Qualitative vs Quantitative analysis

Corpus analysis can be broadly categorised as consisting of qualitative and quantitative analysis. In this section we'll look at both types and see the pros and cons associated with each. You should bear in mind that these two types of data analysis form different, but not necessary incompatible perspectives on corpus data.

Qualitative analysis: Richness and Precision.

The aim of qualitative analysis is a complete, detailed description. No attempt is made to assign frequencies to the linguistic features which are identified in the data, and rare phenomena receives (or should receive) the same amount of attention as more frequent phenomena. Qualitative analysis allows for fine distinctions to be drawn because it is not necessary to shoehorn the data into a finite number of classifications. Ambiguities, which are inherent in human language, can be recognised in the analysis. For example, the word "red" could be used in a corpus to signify the colour red, or as a political cateogorisation (e.g. socialism or communism). In a qualitative analysis both senses of red in the phrase "the red flag" could be recognised.

The main disadvantage of qualitative approaches to corpus analysis is that their findings can not be extended to wider populations with the same degree of certainty that quantitative analyses can. This is because the findings of the research are not tested to discover whether they are statistically significant or due to chance.

Quantitative analysis: Statistically reliable and generalisable results.

In quantitative research we classify features, count them, and even construct more complex statistical models in an attempt to explain what is observed. Findings can be generalised to a larger population, and direct comparisons can be made between two corpora, so long as valid sampling and significance techniques have been used. Thus, quantitative analysis allows us to discover which phenomena are likely to be genuine reflections of the behaviour of a language or variety, and which are merely chance occurences. The more basic task of just looking at a single language variety allows one to get a precise picture of the frequency and rarity of particular phenomena, and thus their relative normality or abnomrality.

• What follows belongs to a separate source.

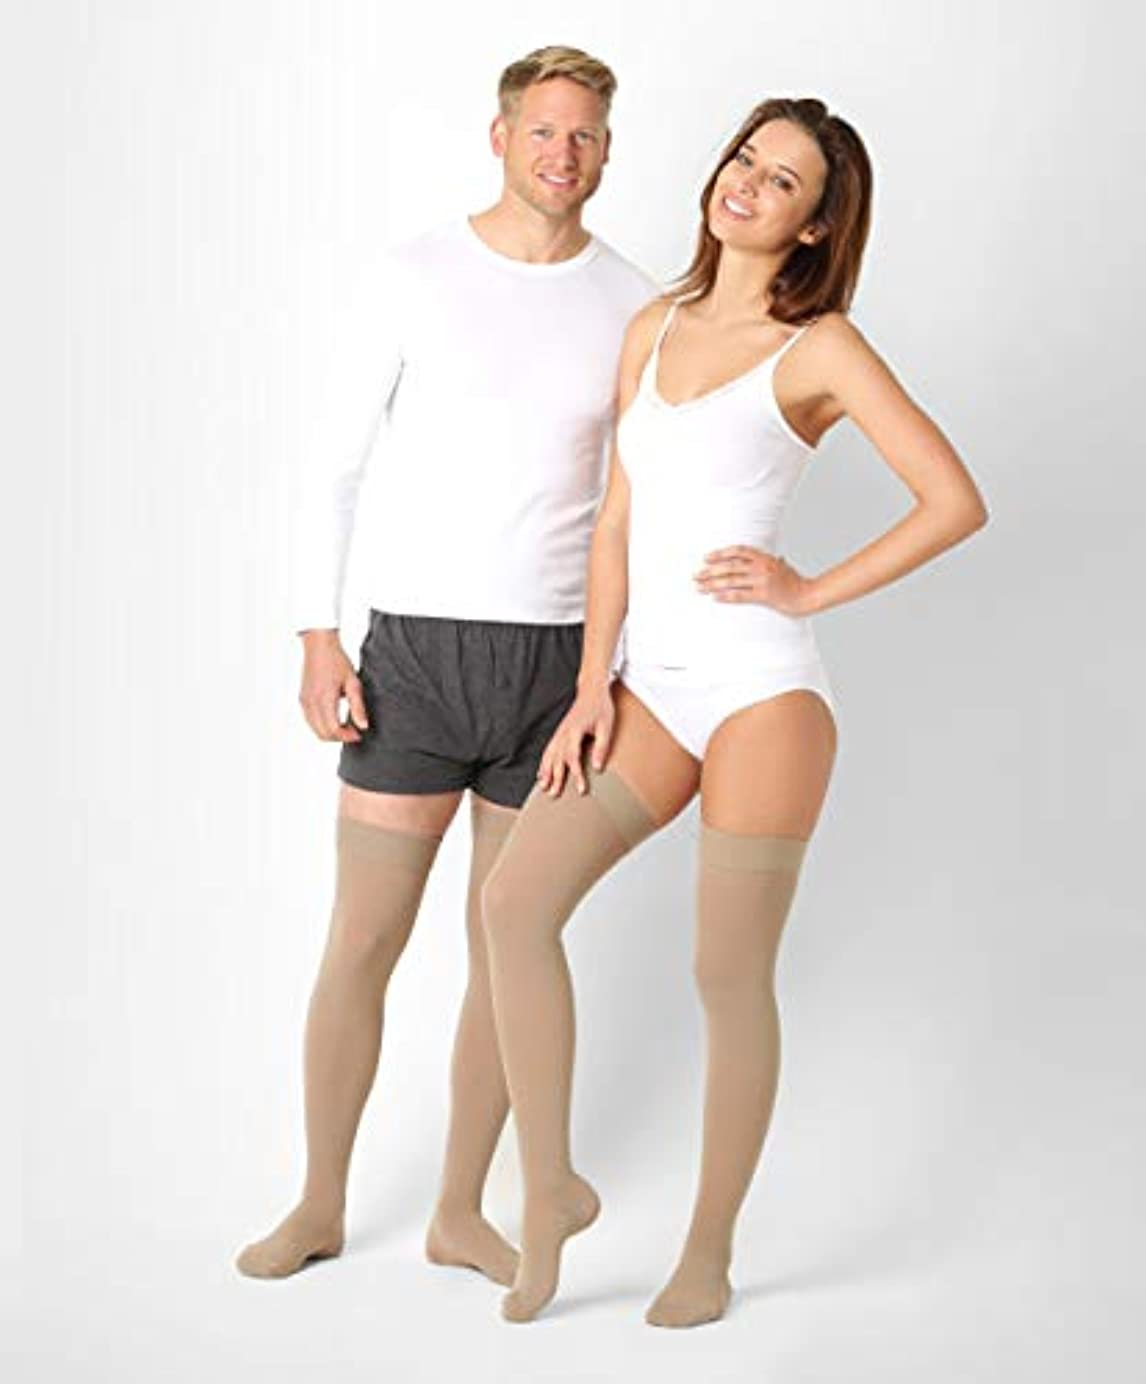 ポーズわな訪問BeFit24 医療用着圧ストッキング クラス 1 (18-21 mmHg) 男性?女性用 ーあらゆるラ イフスタイルのニーズに対応ー ヨーロッパ製 X-Large Beige

However, the picture of the data which emerges from quantitative analysis is less rich than that obtained from qualitative analysis. For statistical purposes, classifications have to be of the hard-and-fast (so-called "Aristotelian" type). An item either belongs to class x or it doesn't. So in the above example about the phrase "the red flag" we would have to decide whether to classify "red" as "politics" or "colour". As can be seen, many linguistic terms and phenomena do not therefore belong to simple, single categories: rather they are more consistent with the recent notion of "fuzzy sets" as in the red example. Quantatitive analysis is therefore an idealisation of the data in some cases. Also, quantatitve analysis tends to sideline rare occurences. To ensure that certain statistical tests (such as chi-squared) provide reliable results, it is essential that minimum frequencies are obtained - meaning that categories may have to be collapsed into one another resulting in a loss of data richness.

A recent trend

From this brief discussion it can be appreciated that both qualitative and quantitative analyses have something to contribute to corpus study. There has been a recent move in social science towards multi-method approaches which tend to reject the narrow analytical paradigms in favour of the breadth of information which the use of more than one method may provide. In any case, as Schmied (1993) notes, a stage of qualitative research is often a precursor for quantitative analysis, since before linguistic phenomena can be classified and counted, the categories for classification must first be identified. Schmied demonstrates that corpus linguistics could benefit as much as any field from multi-method research.